Dozens of families of Moroccan migrants missing or detained in Libya on Monday demonstrated in front of the Ministry of Foreign Affairs in Rabat to ask the authorities to repatriate their relatives.
Many protesters waved portraits of their children, sometimes very young men, looking for a better life.
“My son left for Libya after graduation and is now detained in a Libyan prison,” said Fatna Kharbouch, one of the mothers who came to voice out her anger.
"My son left for Libya after graduation and is now detained in a Libyan prison"
The families of these migrants, mostly from Khouribga, Beni Mellal and Fqih Bensalah – towns in the center of the country – have been trying for several weeks to mobilize public opinion to urge the authorities to intervene.

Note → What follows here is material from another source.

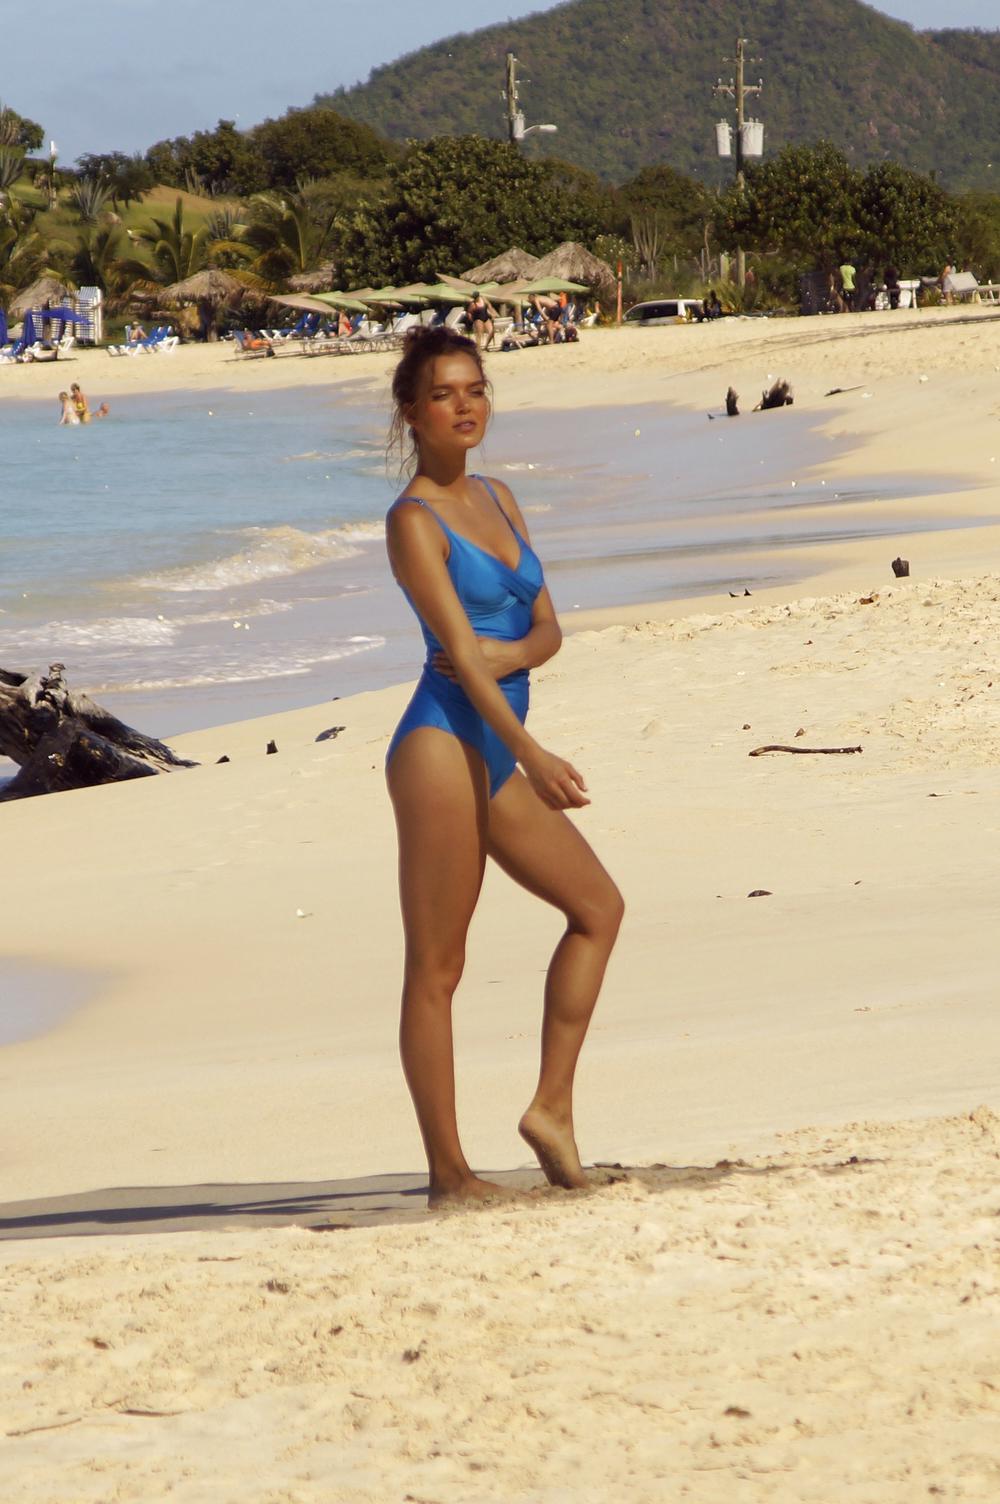 Gatecrashing a swimwear shoot at Ffryes beach, Antigua

Last week, the Moroccan government announced the creation of a “monitoring committee” to “drive the return of Moroccans stranded in Libya” in “conditions that preserve their security.”
Plunged into chaos since the collapse of Muammar Gaddafi’s regime in 2011, Libya is a transit hub for African migrants seeking to reach Europe.
On November 14, a shocking documentary by the American television channel CNN exposed the existence of slave sales near Tripoli.
According to the family support committee, the closure of the Moroccan Embassy in Tripoli in early 2015 has also complicated the issue.
“Morocco transports thousands of Africans to their country of origin and at the same time, we have 700 Moroccans abandoned in centers and prisons, without anyone giving them papers to travel with dignity,”. Azzedine Tabit, a member of the Coordination of Moroccans residing in Libya, created by families.
Last August, a first repatriation operation brought back 190 Moroccans stranded in Libya.